Alice Randall wants people to know they have the history of country music all wrong.

From the origins of the banjo as an African instrument to the first country radio hits being sung by Black men, Ms. Randall wants readers to know that country music would not exist without the Black people who shaped it.

The award-winning songwriter, author and Vanderbilt professor visited Featherstone Center for the Arts in Oak Bluffs last week to discuss her latest book, My Black Country: A Journey Through Country Music’s Black Past, Present, and Future.

Ms. Randall, who has worked in the music industry for more than 40 years and in higher education for more than 20 years, is the only Black woman in history to write both a number one country song and an Academy of Country Music video of the year.

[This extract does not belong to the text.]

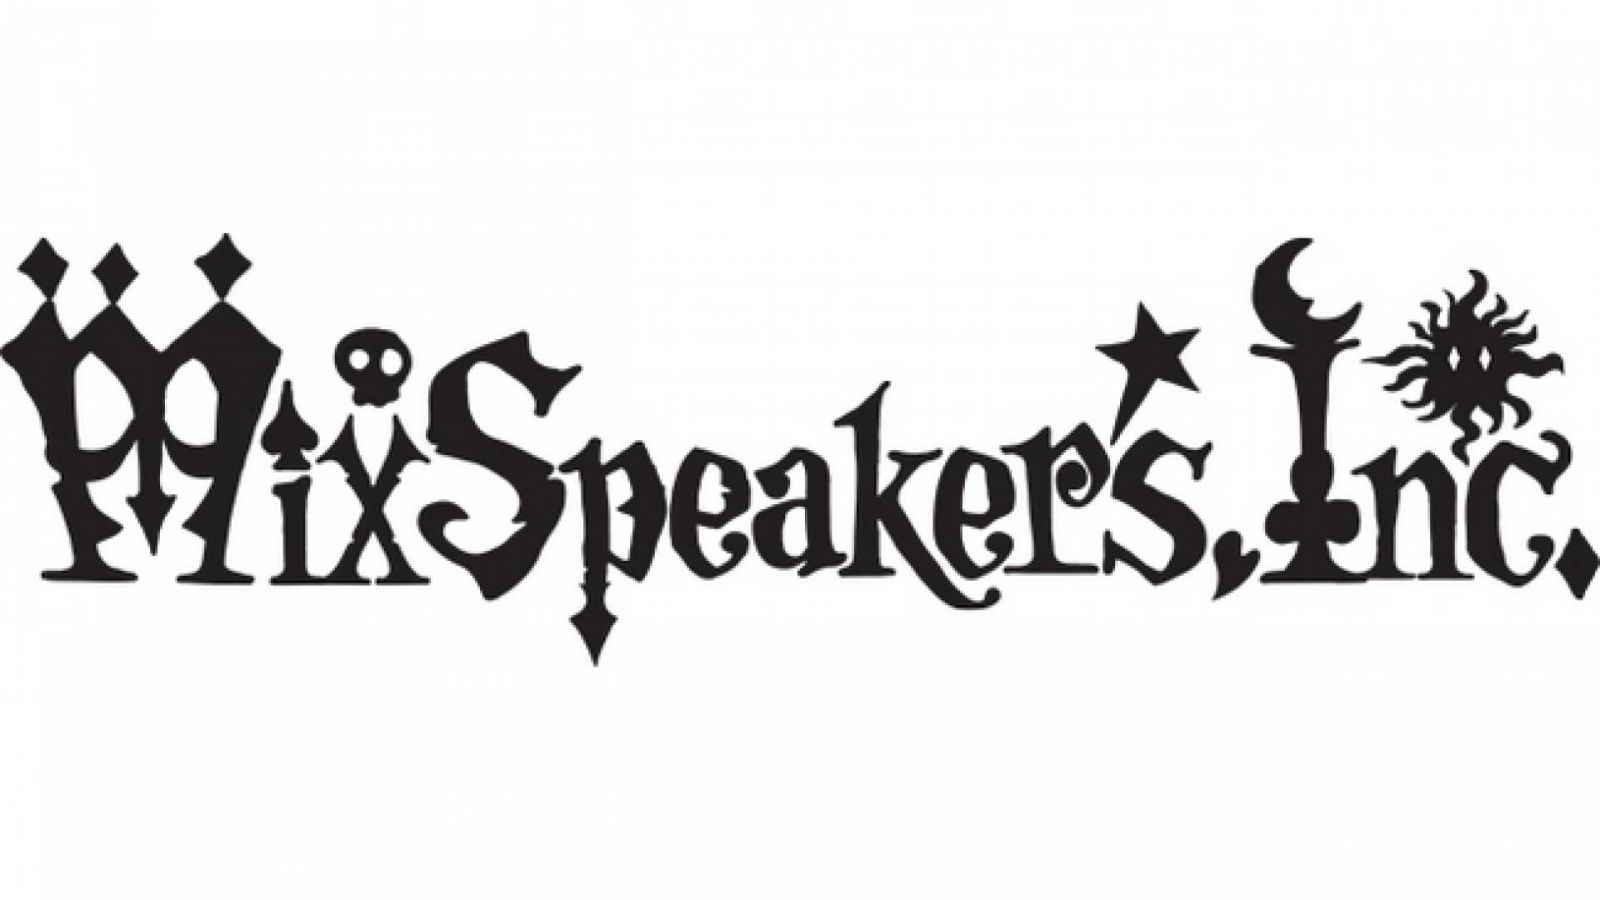 Bientôt un nouveau membre chez Mix Speaker's, Inc. © Mix Speaker's, Inc.

As a Black woman in a predominantly white male music industry, Ms. Randall said she spent her early career helping people who did not look like her. And as she learned more about the history of country music in general, she realized that Black contributions to the genre had been “hidden, erased and muted.”

“Country music has never been as white as it says it was,” she told the crowd during her book reading, which took on more of a lecture form as the professor settled into her usual style of teaching.

Ms. Randall’s presentation included the history of country music’s Black roots and the “first family of country music,” which includes DeFord Bailey, Lil Hardin, Ray Charles, Charley Pride,and Herb Jeffries – all responsible for core components of country music.

The earliest writings about what would become known as country music go back even further than this “first family,” though. Ms. Randall noted that Frederick Douglass references the song We Raise De Wheat in his memoir My Bondage and My Freedom, first published in 1855.

Ms. Randall defines country music as containing three key elements: Celtic ballads, African musical influences and evangelical Christianity.

“Country music requires Black influences to be country music. Without them, it becomes something else entirely,” she said.

Harlan Howard famously said that country music was “three chords and the truth.” Ms. Randall builds upon this saying, claiming instead that country music is “three chords and four very particular truths: life is hard, God is real, whiskey and roads and family provide worthy compensations, and the past is better than the present.”

“This last truth is a racial fault line,” Ms. Randall said about the romanticization of the past. For Black country artists, it’s a longing for lost Africa. For white country artists, it’s a longing for the mythical glory of “Dixie.”

This fault line has kept Black country artists from credit, nearly two centuries overdue, she said.

My Black Country does more than provide a comprehensive history of Black country music. It also serves as a memoir of Ms. Randall’s experiences in the country music space and how such a diverse genre can hold such central truths. Her book uses the unwritten and underwritten past of Black artists as a guiding light for future generations of musicians. A companion album of the same name features songs written by Ms. Randall re-recorded by Black female artists, including Rhiannon Giddens and Allison Russell.

Ms. Randall hopes her book will help readers reconsider the histories they have heard all their lives. She feels music is the perfect vehicle through which to reach people.

“Art eclipses pain,” she said. “Art shines a light on the political future… I think art may have a very large role to play in this political moment.”